2. Your book, The Many Lives of Ruby Iyer, is set in the heart of Bombay, a city wild with culture and modernisation. How important are culture and society in your writing?

More than my conscious mind is aware of. I am surprised how
much I draw upon the culture and society of my home country when I write. But
obviously I am a product of the challenges and opportunities that society
provided me so it impacts my writing in so many different ways. We humans are
defined by our reaction to society. Do we want to be part of it? Do we reject
it? Do we find an uneasy balance with it? The choices we make in our growing
years define who we become. And while these choices are often personal, a lot
of it is influenced by our culture, values and traditions. And then you know
very early those who are going to rebel against the normal as defined by
society and those who will work within the system to carve out a place for
themselves. No choice is right or wrong … But they change the course of your
individual destiny.
3. With all the current human rights violations and conflict
in the world, how do you come to focus on just one element of this in your
dystopian novel?

Its something I did very unconsciously. Growing up in Bombay
as a rebellious teenage girl was not easy. I was weighed down by what Indian
culture expects from me as a girl. Then, within that the traditions of the
particular South Indian Tamil Brahmin caste my family hail from. Yet, I grew up
in the urban, merciless, cosmopolitan society of Bombay, and fiercely
independent about having a career and making my way in this largely patriarchal
society. So everyday I would leave the relative safety of home, knowing that my
commute was not going to be easy. Because that’s just how public transport is
in the city. Its not life threatening but you know as a girl you are going to
most likely get called out by men as you pass them, that on a crowded train
station you are most likely going to be felt up by a man… Every time, it
happened to me, I would get really angry and yet, I would deal with it and get
on, because if I protested or took action, the repercussions would not be
savoury for me.

So when eighteen months ago a young photojournalist was
raped in the centre of Bombay in broad daylight, I felt myself getting really
furious. It was as if nothing had changed in all these years. In fact things
had become worse. I had this vision of a young girl who would not back down
anymore. Who would take the law into her own hands. Who would stand up for
herself regardless of the consequences. Who would follow her heart … and thus
Ruby Iyer was born. And the trigger to her birth is of course her being
molested on a train platform and then being pushed into the path of the train
itself. And yet she survives and goes onto save the city, which is falling
apart around her.
4. Are there any other human rights issues that you would
like to write about in a dystopian novel?
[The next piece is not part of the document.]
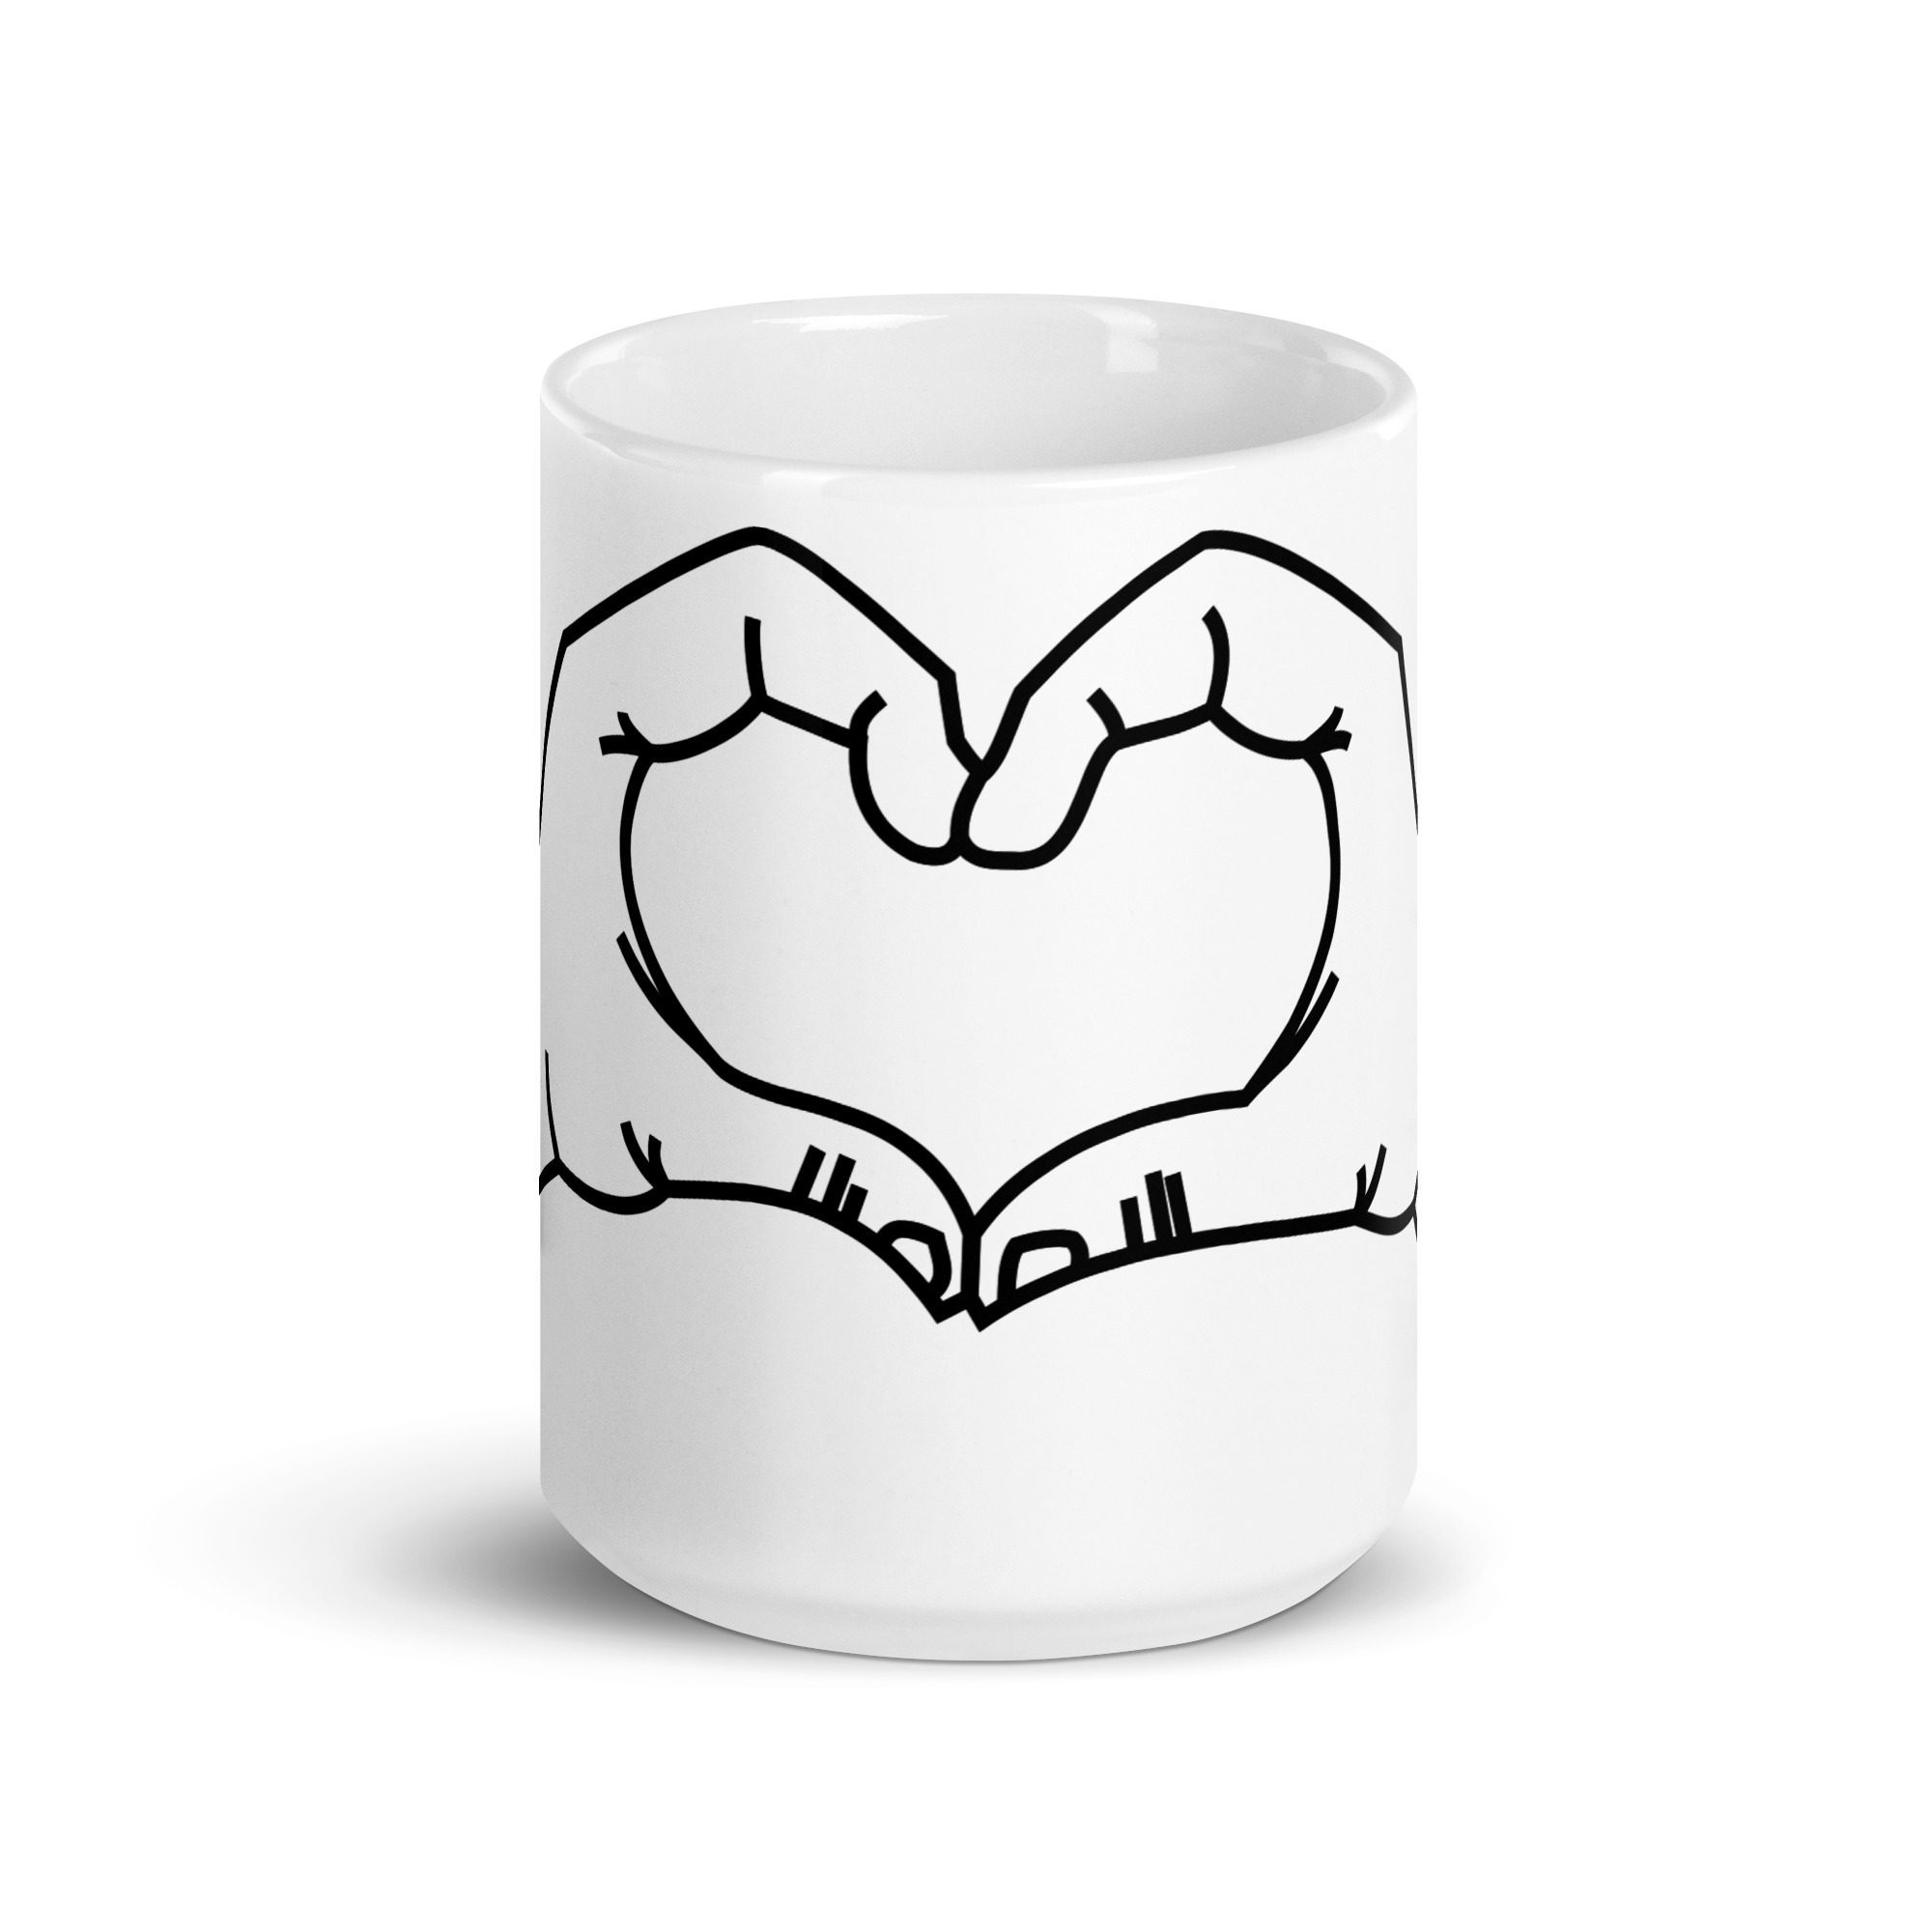 white glossy mug white 15 oz front view 652c0f426b70f

You know, I don’t do it consciously. But because my current
setting is Bombay (which I take as a microcosm of India) I know I end up
tackling quite a few issues like the massive rich-poor economic divide for
example. I think women and children – the girl child is very important for me
and I do come back to themes concerning them a lot.

5. How important are dystopian books in today’s society for
young people?

So maybe this is me, but I believe that we are headed
towards a dystopian society. One, where the virtual world will intersect much
more closely with the real world and where soon we will not be able to tell the
two apart. I think this will bring with anarchy, the kind we can’t even
imagine, which some of the dystopian books hint at – Where there is no more
society as we know it, and even the laws of nature are struggling to stay alive.
And yet the young will survive—they have to —for they inherit this from their
parents. Dystopian books tap into this reality we all sense but don’t
acknowledge. At the same time within every teenager is this world of dystopia
isn’t there? Teens are such dark people; they inhabit a strange ever-changing
universe of their own. And dystopia speaks to that unknown within them.